Restoration Production Dates
| Production | Produced by | Director | Music director | Event | Date |
| Workshop Performance | Folksbiene | Motl Didner | Zalmen Mlotek | First Performance | December 25, 2017 |
| Final Performance | January 1, 2018 |
| Full Production | Folksbiene | Motl Didner | Zalmen Mlotek | Previews | December 1, 2019 |
| Opening Night | December 9, 2019 |
| Closing Night | December 29, 2019 |

=== Workshop performance ===
The first performance as part of the Folksbiene's restoration project ran for a sold out week from December 25, 2017, to January 1, 2018. Directed by Motl Didner, musically directed by Zalmen Mlotek the cast featured Michael (Mikhl) Yashinsky in the title role, Stephanie Lynne Mason, Pat Constant, Steve Sterner, Rachel Botchan, Chelsea Feltman, Kirk Geritano, Emily Hoolihan, Richard Lisenby, Riley McFarland, Raquel Nobile, Bruce Rebold, Gera Sandler, Kayleen Seidl, Lisa Stockman, Bobby Underwood, Tatiana Wechsler.

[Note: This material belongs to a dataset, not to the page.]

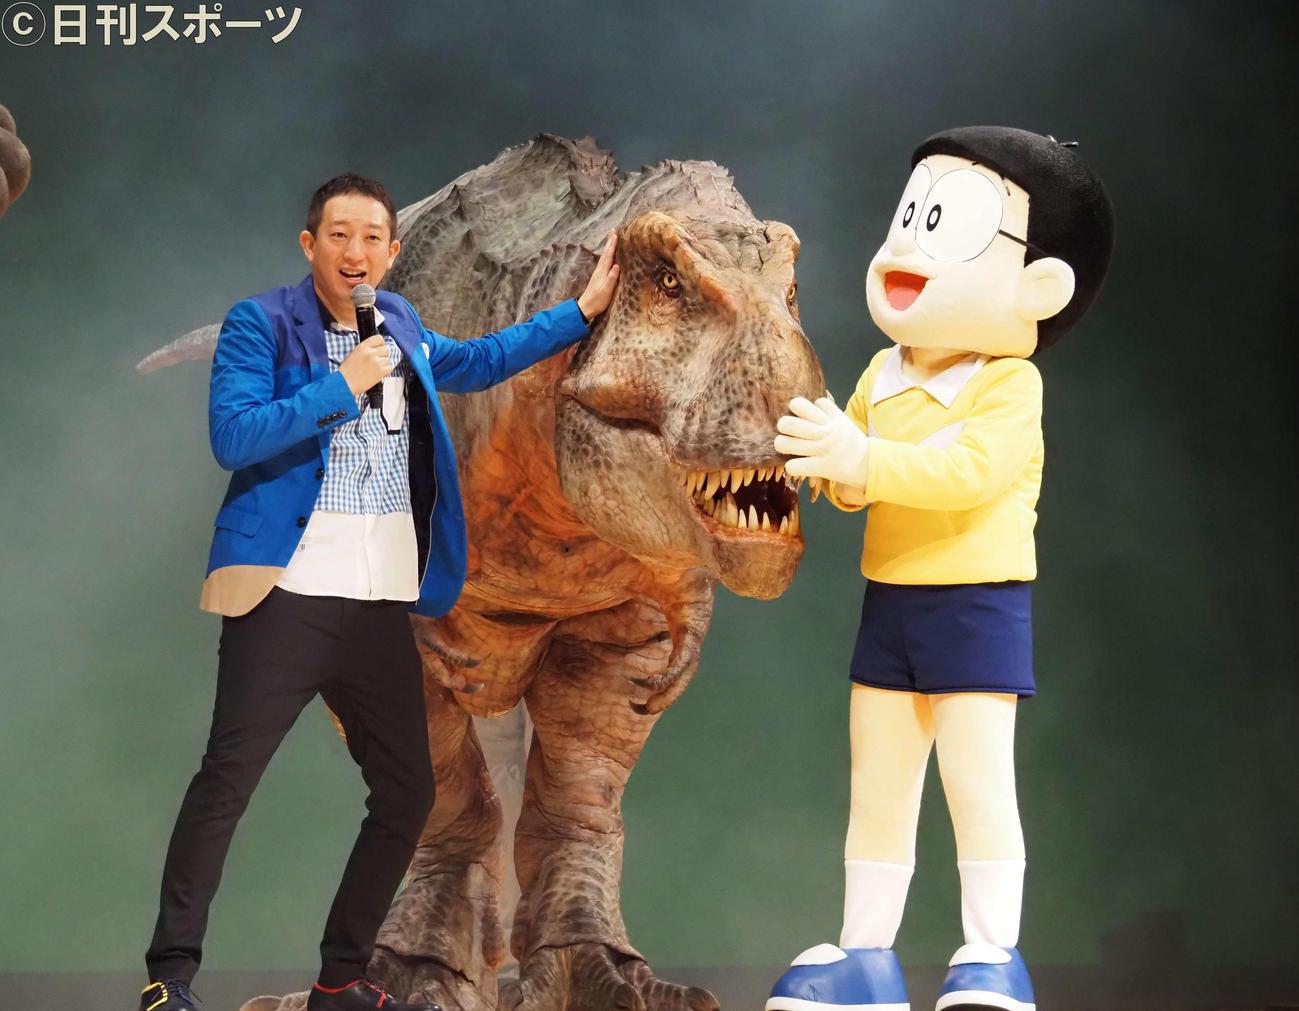 16日、「映画ドラえもん のび太の新恐竜」完成披露舞台あいさつで、サバンナ高橋茂雄(左)は恐竜の登場に驚く

=== First full (restored) production ===
Two years later, in December 2019, the Folksbiene produced a full production of the restored work. Directed by Motl Didner, musically directed by Zalmen Mlotek, and choreographed by Merete Muenter the cast featured Michael (Mikhl) Yashinsky in the title role, Mark Alpert, Dani Apple, Rachel Botchan, Jonathan Brody, Rebecca Brudner, Samuel Druhora, Jazmin Gorsline, Peter Gosik, Josh Kohane, Sam Kronenfeld, Riley McFarland, Lexi Rabadi, Bruce Rebold, Hannah D. Scott, Dylan Seders Hoffman, Doug Shapiro, Steve Sterner, and Lorin Zackular.

Previews began on December 1, 2019, opening night was December 9, 2019, and closing performance was December 29, 2019.